Wie muss ich in einem Bewerbungsgespräch antworten?
Wahrheitsgemäß antworten:
Bei akuter Erkrankung wenn diese die Arbeitsfähigkeit beeinflusst.
Schummeln dürfen sie:
Wenn ihre Erkrankung keinen Einfluss auf die Arbeitsleistung hat.
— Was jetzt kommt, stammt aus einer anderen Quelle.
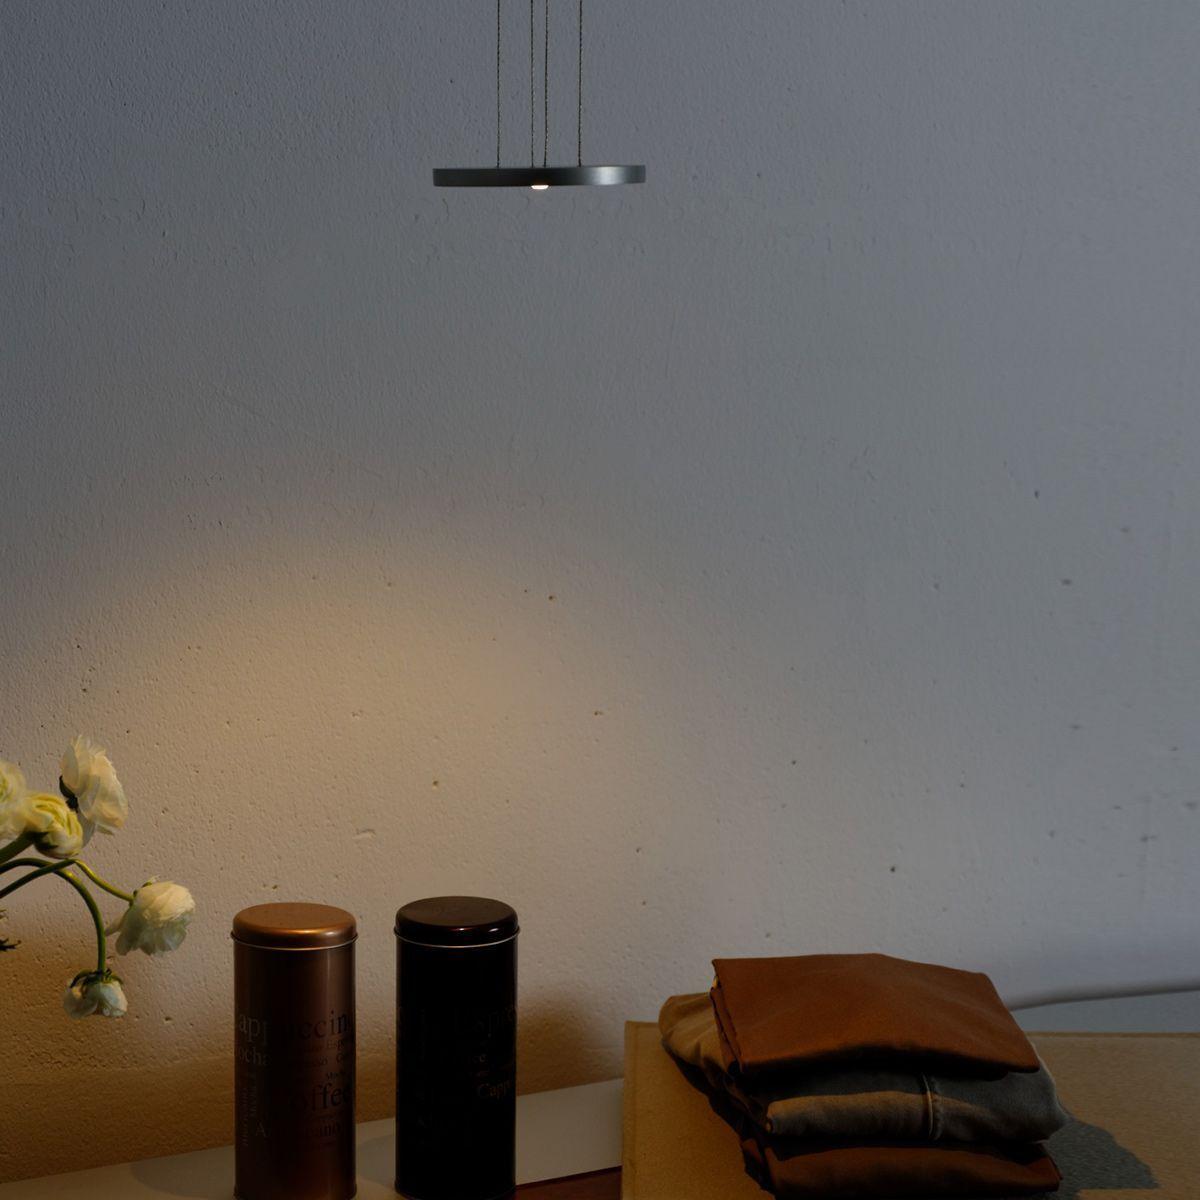 Led Pendelleuchte Rund Höhenverstellbar Pendelleuchte Esstisch Kristall Pendelleuchten Wohnzimmerlampen Pendelleuchte Tisch Pende Decor Home Decor Lamp

Quelle:http://www.rechtsanwaltskanzlei-leipzig.de/sozialrecht.html#10
Beitrag von kati543 - 30.08.11 - 10:09 Uhr
Hallo,
du musst es im Bewerbungsschreiben nicht angeben. Das solltest du sogar verschweigen, falls du irgendeine Chance haben willst
.
Falls du jedoch im Vorstellungsgespräch direkt gefragt wirst, ob du einen SBA hast, musst du wahrheitsgemäß antworten. Allerdings gibt es Ausnahmen. Z.B. darfst du es verschweigen, wenn deine Behinderung wirklich KEINERLEI Einfluß auf deinen Beruf hat und wenn du die Nachteilsausgleiche des SBA nicht nutzen willst. Wenn sich dann herausstellt, dass du den SBA beim Vorstellungsgespräch hattest und dass die Behinderung sich bemerkbar macht, kannst du fristlos gekündigt werden, wegen Falschaussage.